Mensagem por Aleleeh em Ter Ago 11, 2015 7:46 pm

Naquela linha... eu e Thomas havíamos chegado ao Leste.

Estávamos em uma casa. O meu disparo havia sido certeiro, protegendo a criança. Mas um corpo de mulher jazia ao lado. Aquilo doía em mim mesma.

Tento acalmá-la:

- Oi, pequena. Tudo ficará bem, tá? Sou Eve, qual o seu nome?

Tento sorrir, abraçando-a. Foi quando ouvi Megan novamente, e uma mulher bonita na porta.
Fico de pé, encarando-a.
Uma ameaça ao longe... o samurai de olhos demoníacos... então...

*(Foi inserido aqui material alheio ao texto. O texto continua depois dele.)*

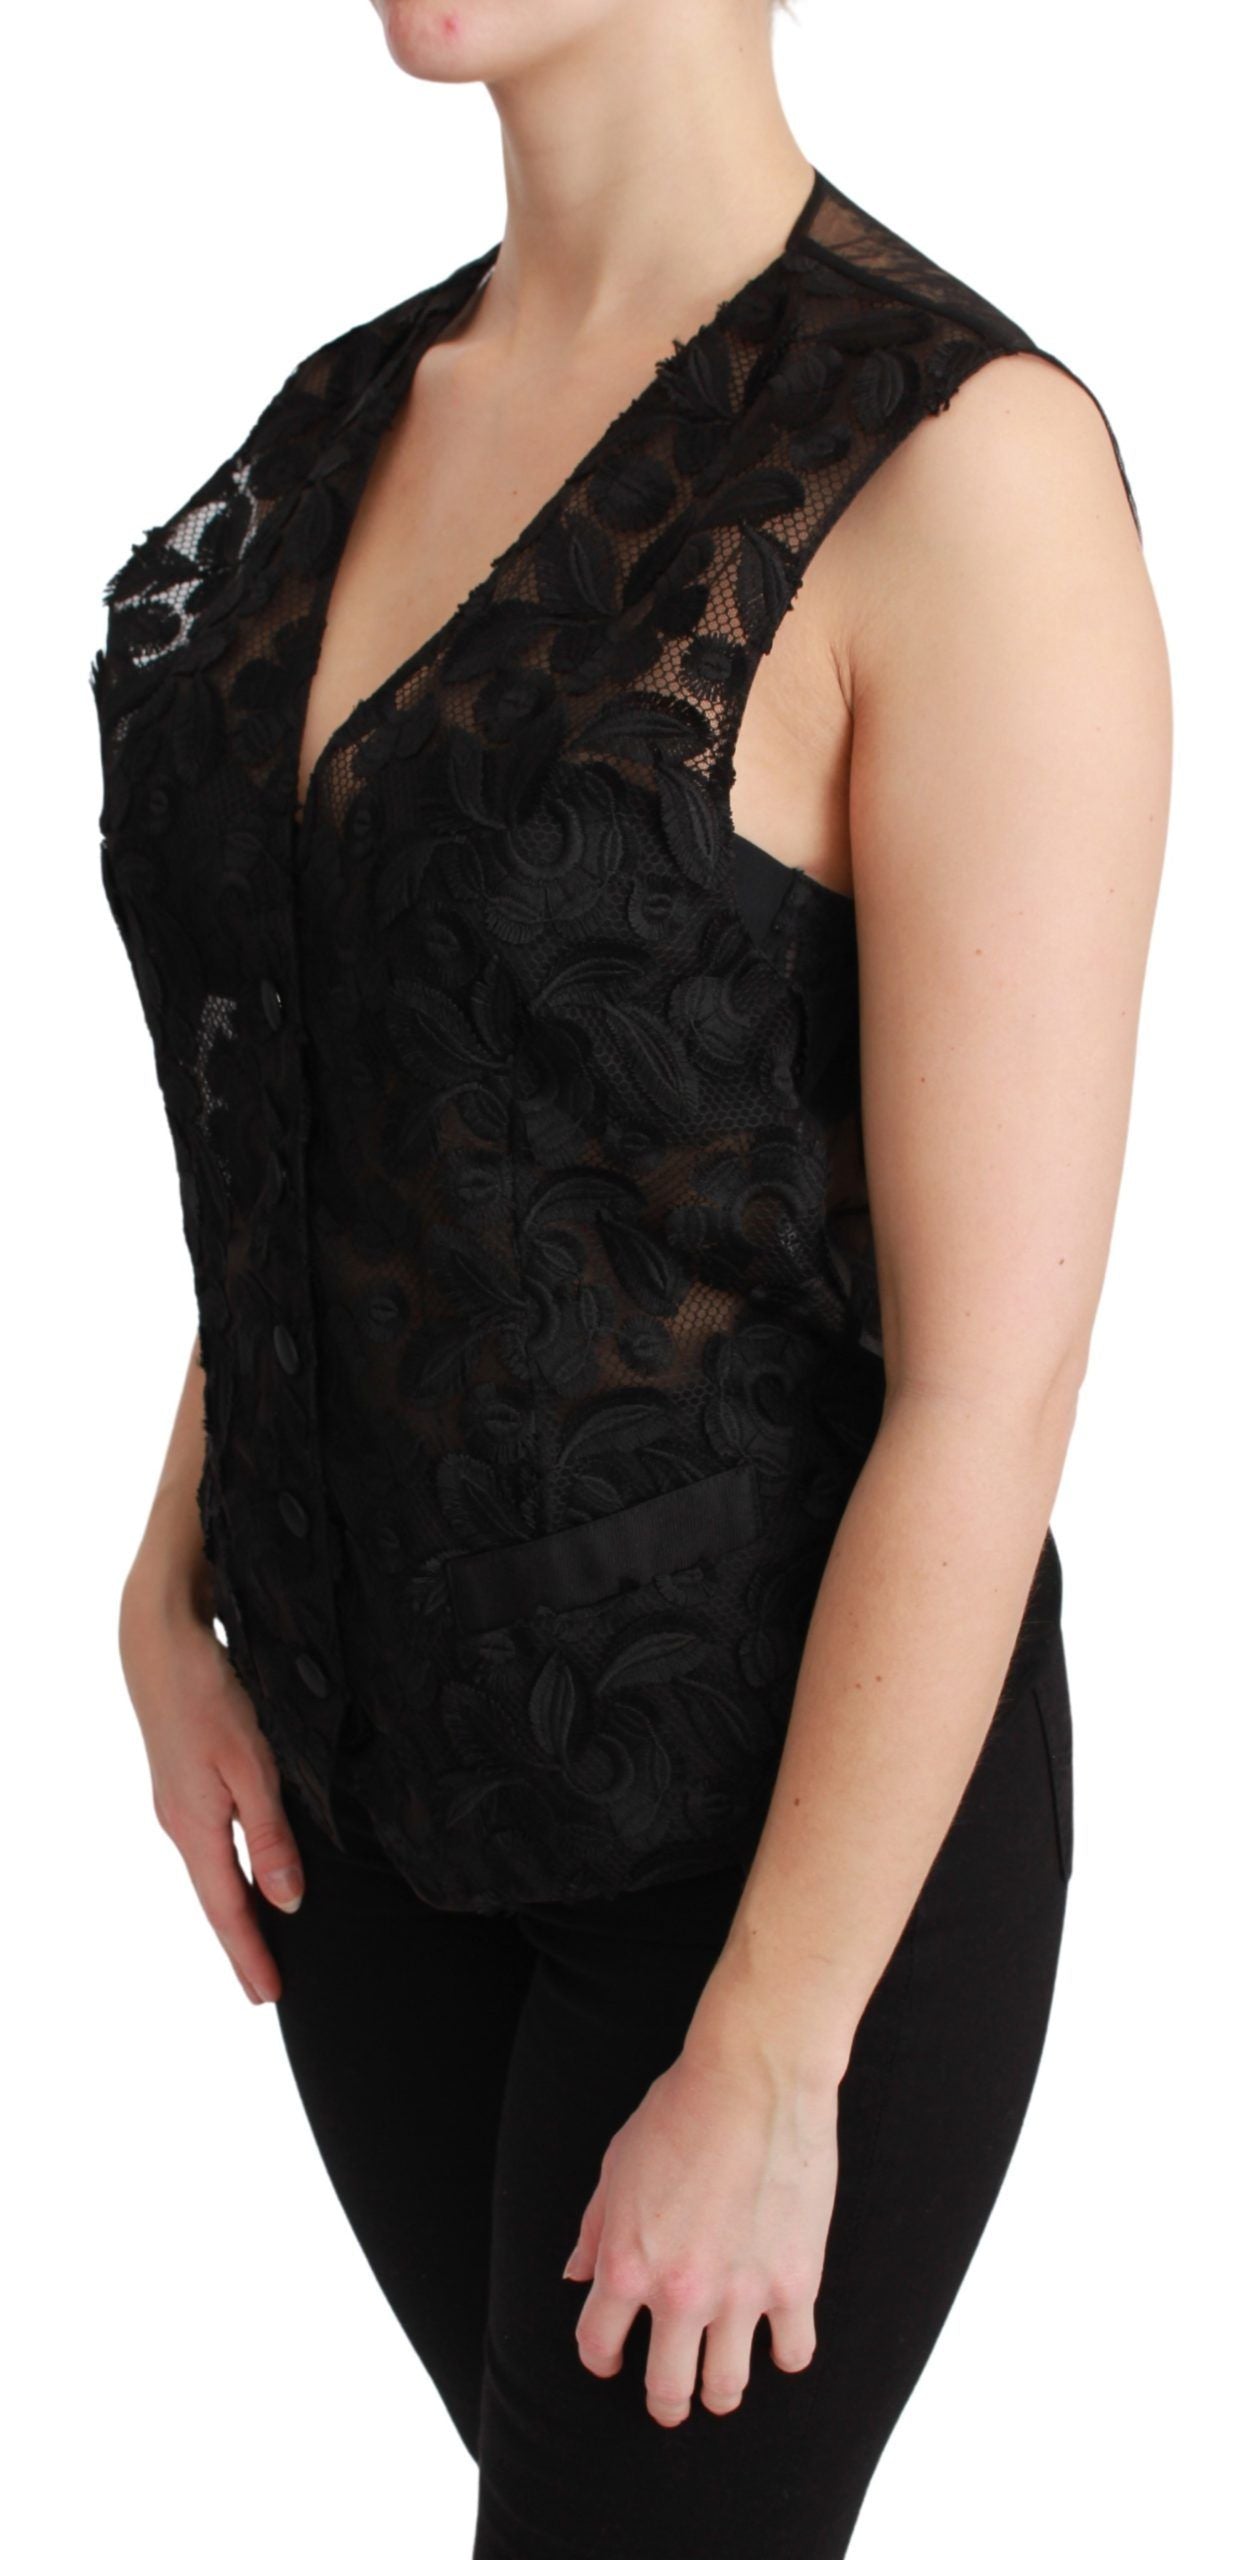 Dolce & Gabbana Black Floral Brocade Top gilet wwistcoat
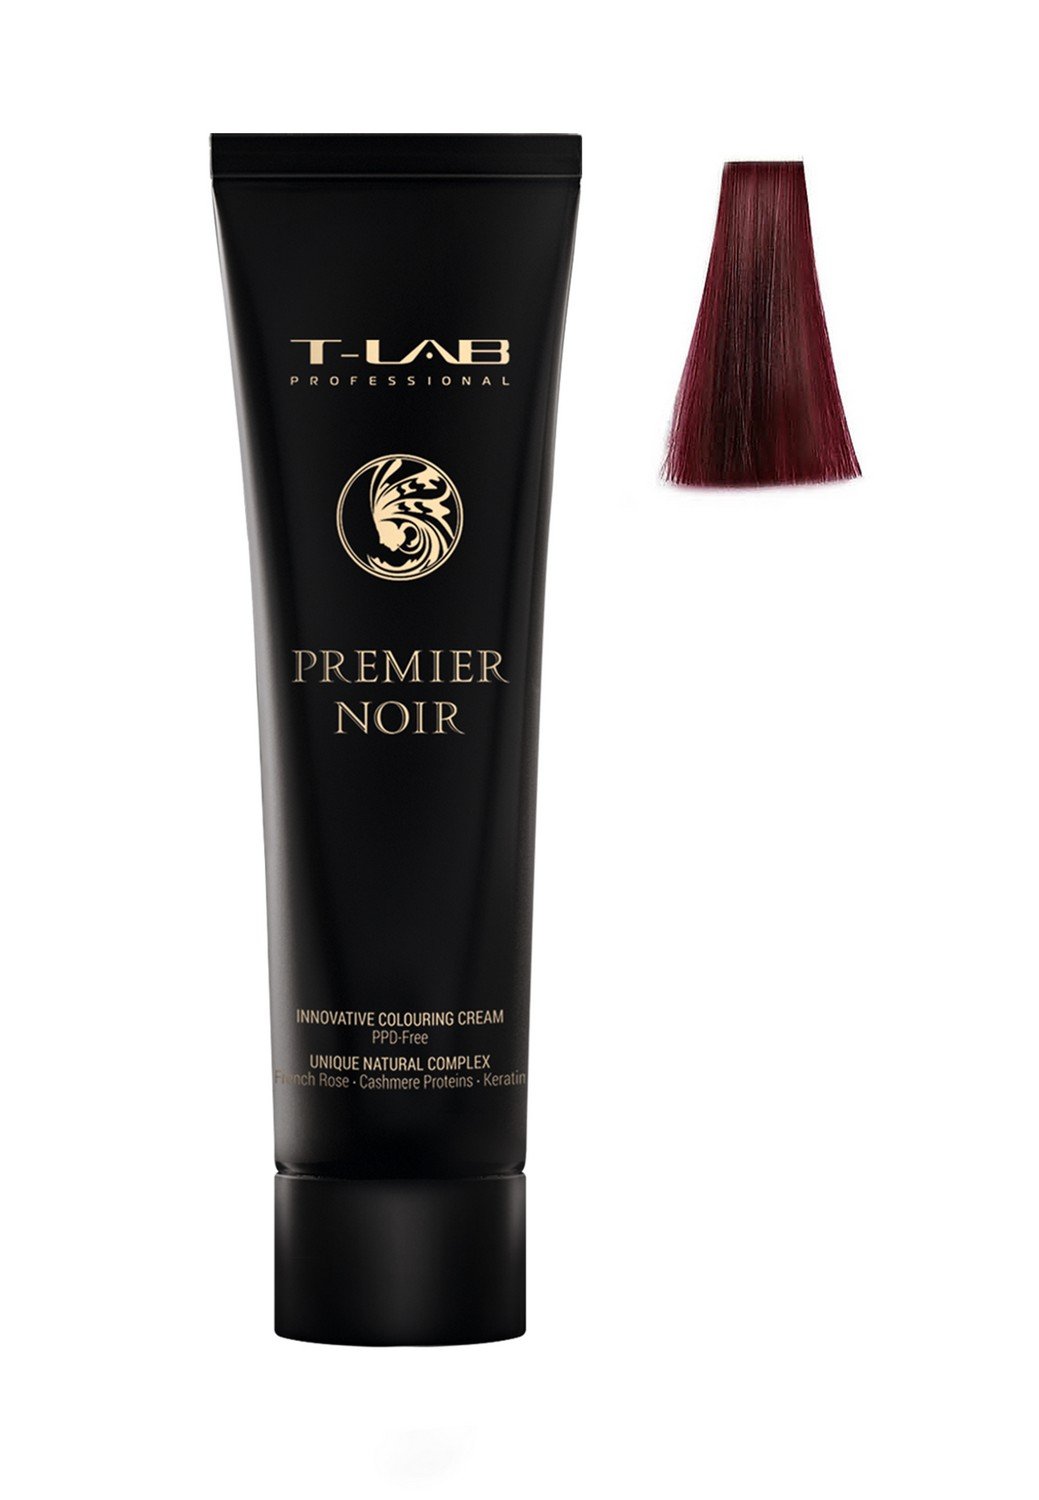 Крем-краска T-LAB Professional Premier Noir colouring cream, оттенок 7.44 (deep copper blonde) - фото 2

Sou agarrada pela loirinha, que veio correndo assim que Thomas e N trocaram cumprimentos:

- Megan! Senti tanto a sua falta, pequena loirinha! Eu e o sr Shipsail acabamos vindo ajudar essa outra pequenina...

Olho o samurai, não contendo o sorriso. Era bom vê-lo, inteiro, vivo:

- N! - abraço-o, sem pudor - É bom vê-lo novamente!

A menina parecia estar junto com eles. Analiso-a, sendo cordial:

- Bem, é um prazer conhecê-la, visto que está com meus amigos. Prazer, sou Eve... digo, Audrey Eve.

Eu realmente havia me acostumado em me denominar de Eve... Dracma me mudou. Me sentia com os olhos de um demônio também.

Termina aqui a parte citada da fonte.